• **PROBLEM REQUIREMENTS**:
Scan the records for lines with the string "Stock". Say how many there are, and add nothing.

• **RECORDS TO PROCESS**:
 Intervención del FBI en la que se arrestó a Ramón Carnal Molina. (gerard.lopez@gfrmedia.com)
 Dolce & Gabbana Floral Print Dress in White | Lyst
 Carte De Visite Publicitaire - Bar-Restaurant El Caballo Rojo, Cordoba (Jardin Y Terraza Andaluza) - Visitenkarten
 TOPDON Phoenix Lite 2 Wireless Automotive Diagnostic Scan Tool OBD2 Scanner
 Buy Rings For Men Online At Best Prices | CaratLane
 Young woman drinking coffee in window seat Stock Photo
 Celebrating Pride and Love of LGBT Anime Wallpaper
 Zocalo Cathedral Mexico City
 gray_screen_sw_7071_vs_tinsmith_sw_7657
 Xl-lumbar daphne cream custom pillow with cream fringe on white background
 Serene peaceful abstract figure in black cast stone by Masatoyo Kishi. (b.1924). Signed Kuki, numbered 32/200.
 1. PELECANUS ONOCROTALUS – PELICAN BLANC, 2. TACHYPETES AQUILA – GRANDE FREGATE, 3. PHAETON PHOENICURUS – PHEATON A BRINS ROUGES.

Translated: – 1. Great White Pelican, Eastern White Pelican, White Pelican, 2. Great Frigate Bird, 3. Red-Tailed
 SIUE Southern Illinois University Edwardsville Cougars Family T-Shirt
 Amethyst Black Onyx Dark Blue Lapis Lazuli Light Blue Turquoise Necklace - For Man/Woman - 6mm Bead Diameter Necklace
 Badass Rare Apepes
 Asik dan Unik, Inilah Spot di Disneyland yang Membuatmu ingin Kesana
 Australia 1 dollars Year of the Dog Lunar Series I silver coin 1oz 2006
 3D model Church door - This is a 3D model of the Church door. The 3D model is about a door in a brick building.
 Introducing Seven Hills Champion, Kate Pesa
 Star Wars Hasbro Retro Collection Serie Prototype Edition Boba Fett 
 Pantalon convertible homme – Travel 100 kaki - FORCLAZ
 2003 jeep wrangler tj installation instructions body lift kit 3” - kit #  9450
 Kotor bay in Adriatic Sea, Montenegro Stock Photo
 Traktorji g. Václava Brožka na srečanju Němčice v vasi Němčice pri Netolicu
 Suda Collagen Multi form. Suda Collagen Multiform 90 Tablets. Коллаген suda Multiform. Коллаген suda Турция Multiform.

• **WRITTEN RESPONSE**:
2